The lessons of the past keep being repeated, over and over and over, and…

Blogger Mike “Mish” Shedlock posted a fascinating story on his website regarding a situation in San Francisco.  In “Trash Collecting Entrepreneur Squashed In San Francisco” he cites one of his respondents, known simply as Michael, who relates a story about trash collection.  One of the customers of the local trash collection service—a contractor referred to as Joe—got fed up with paying $37 per trash can, per week, for garbage removal.  He and his neighbor began to take their own trash for disposal at a local dump, using “Joe’s” truck.  Shortly, other neighbors joined their informal garbage disposal network, opting to pay the contractor $10 a week for more service than they were getting from the city union.  Soon, after their little business had begun to unexpectedly take off, their competitors decided to call in the big guns.

When the local garbage company and its union found out about “Joe” they complained to the city. Within a year a law was passed stating that garbage service was now mandatory for all residents at the price the city’s monopoly charged, which was shortly raised.  And “Joe”?  For a while he still took our recyclables until he was fined $4000, even though he had our permission.

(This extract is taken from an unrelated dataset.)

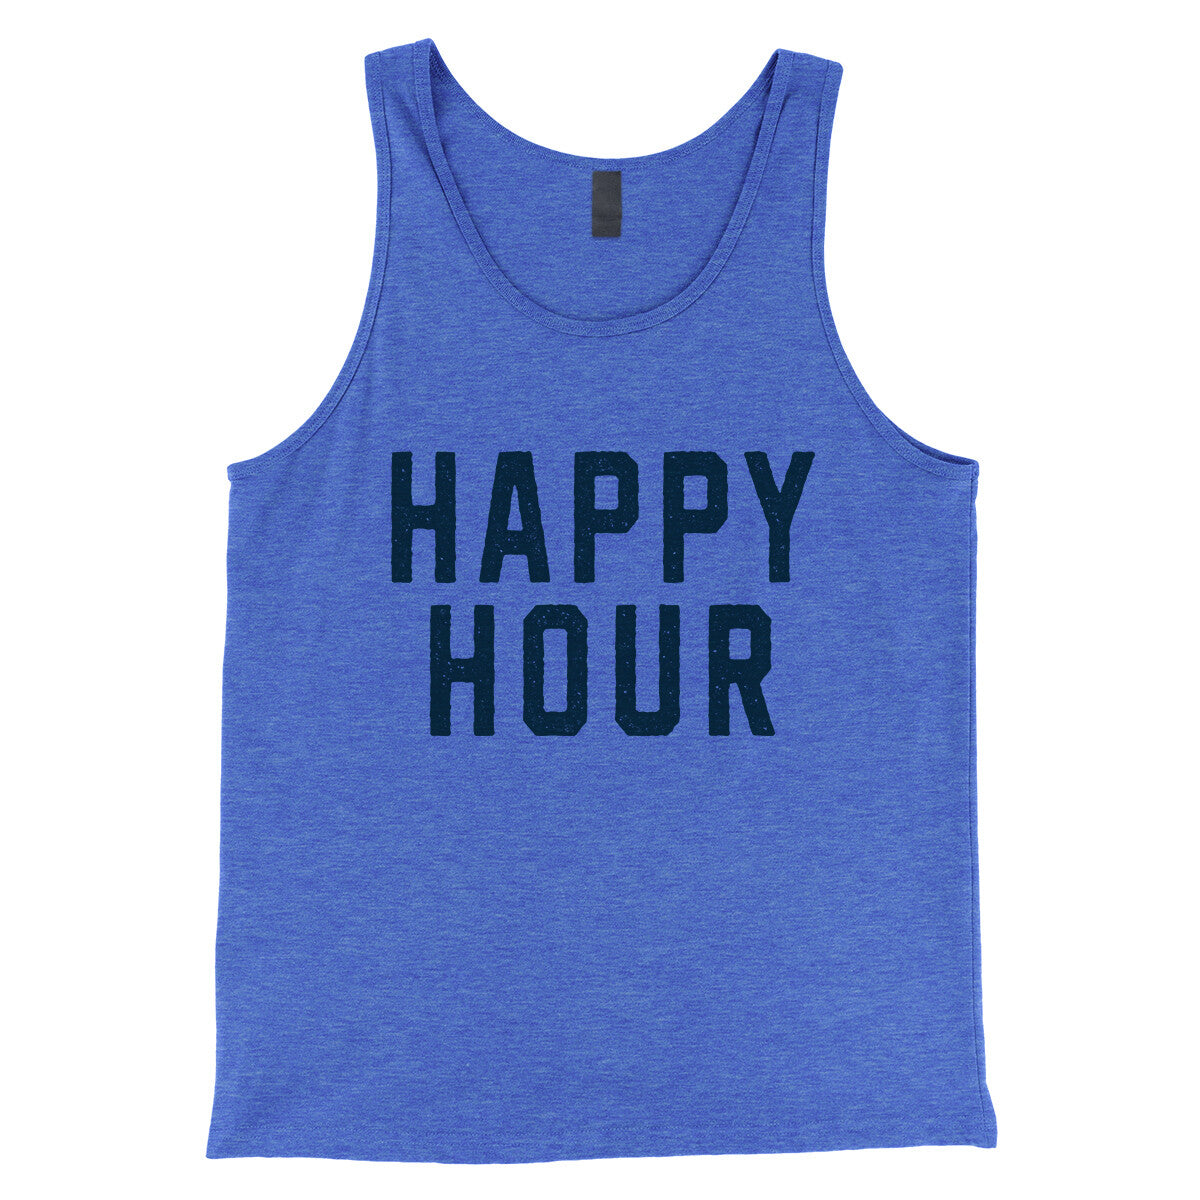 Happy Hour in True Royal TriBlend Color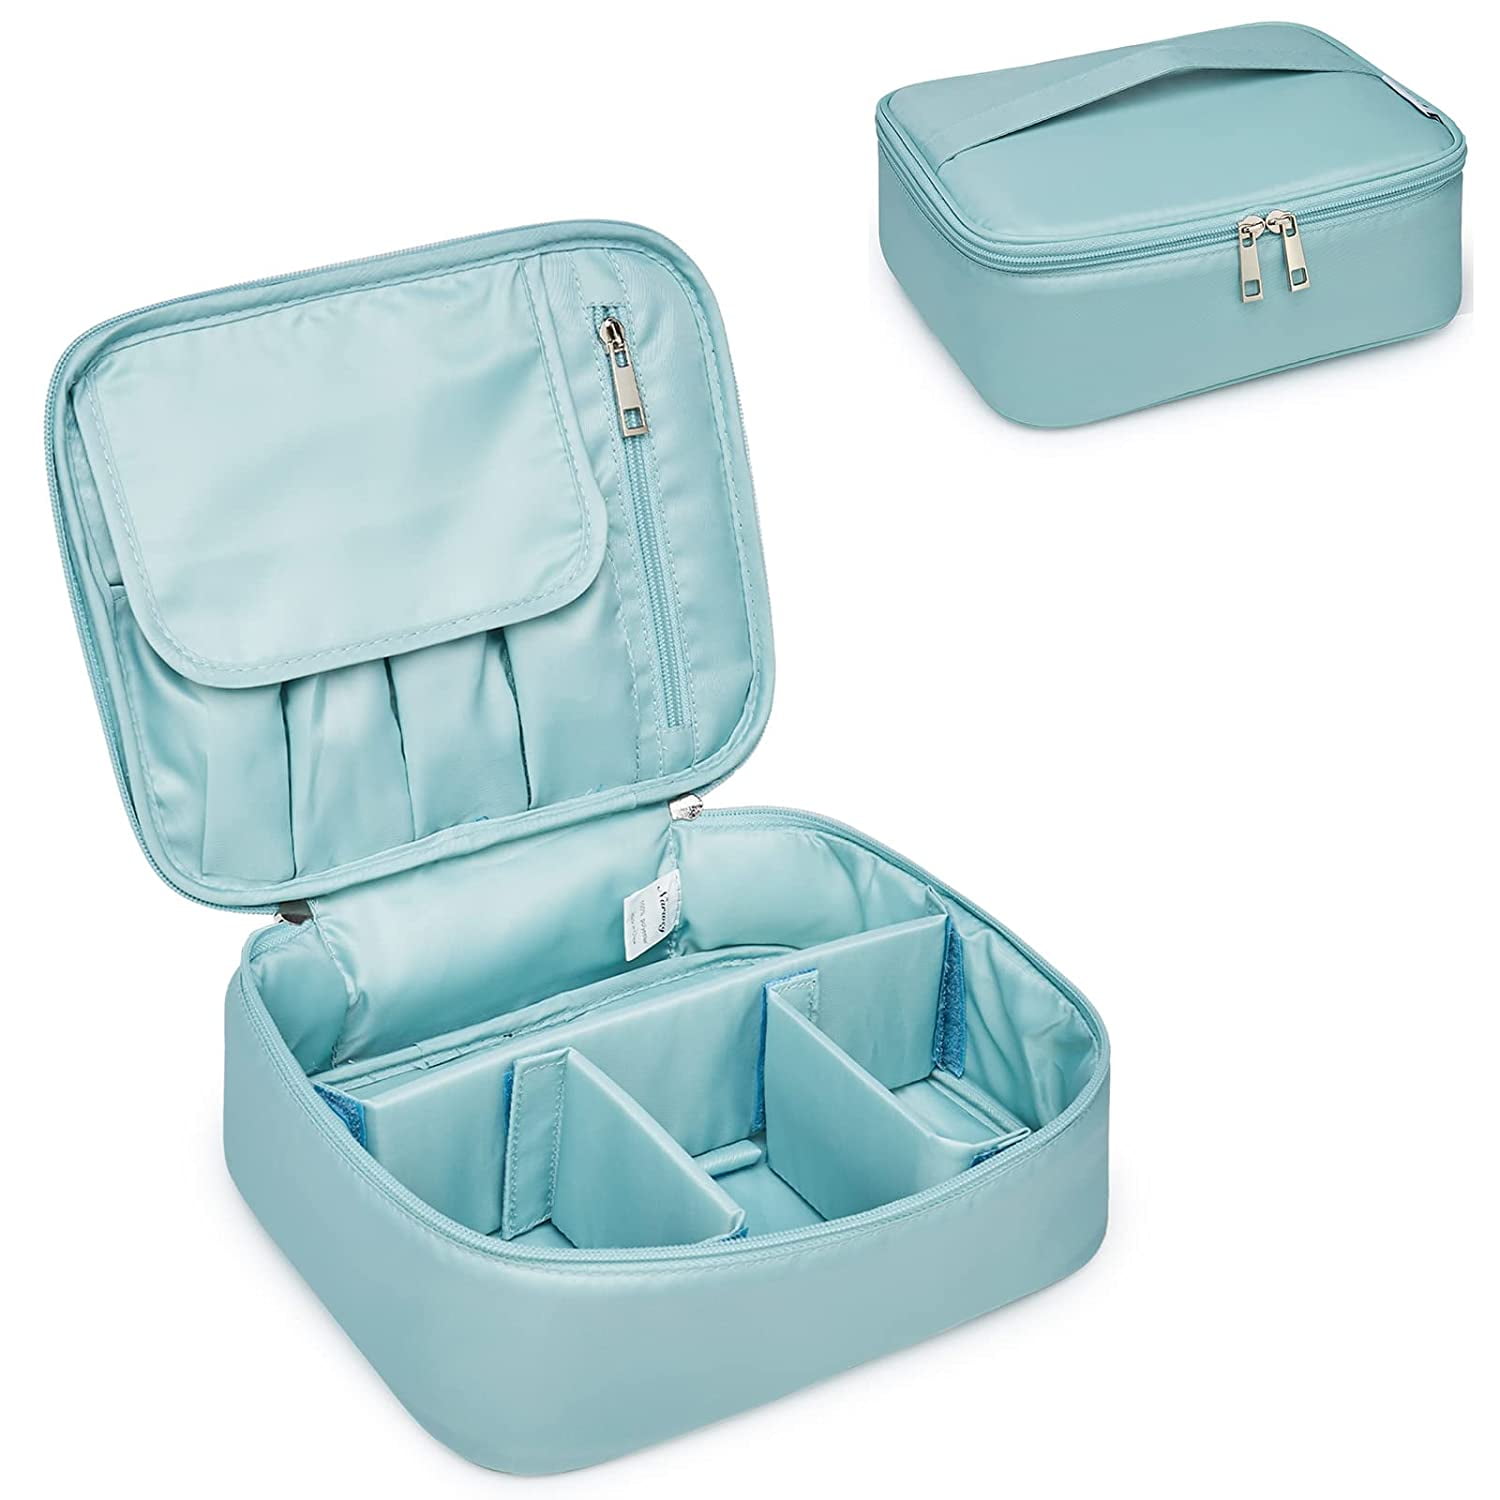 Buy cheap Travel Jewelry Storage Case Bag Women NW5032 For SALE – narwey

None of this is really that surprising.  The State often passes laws to prevent competition.  For example, Lysander Spooner’s attempts to compete with the post office led to the passing of laws specifically designed to prevent competition in delivery of first class mail.  Recalling my Southern pig farming roots, I’d offer this metaphor.  When a hog is sucking the teat, he tends to fight to keep his place in line.  He cares not about his siblings and their hunger.  Nor does he care that he is full.  He cares about one thing:  maintaining vapor lock on that teat.  With apologies to any unionist garbage men in our studio audience, the garbage collection unions employed by the city of San Francisco are comparable to government teat suckers, so their reaction to some random guy actually providing service and “stealing” their business is no surprise.  What I find ironic is this.  Not only does this situation in San Francisco compare to Spooner’s mail delivery business, it also reflects the scenario during the Montgomery Bus Boycotts.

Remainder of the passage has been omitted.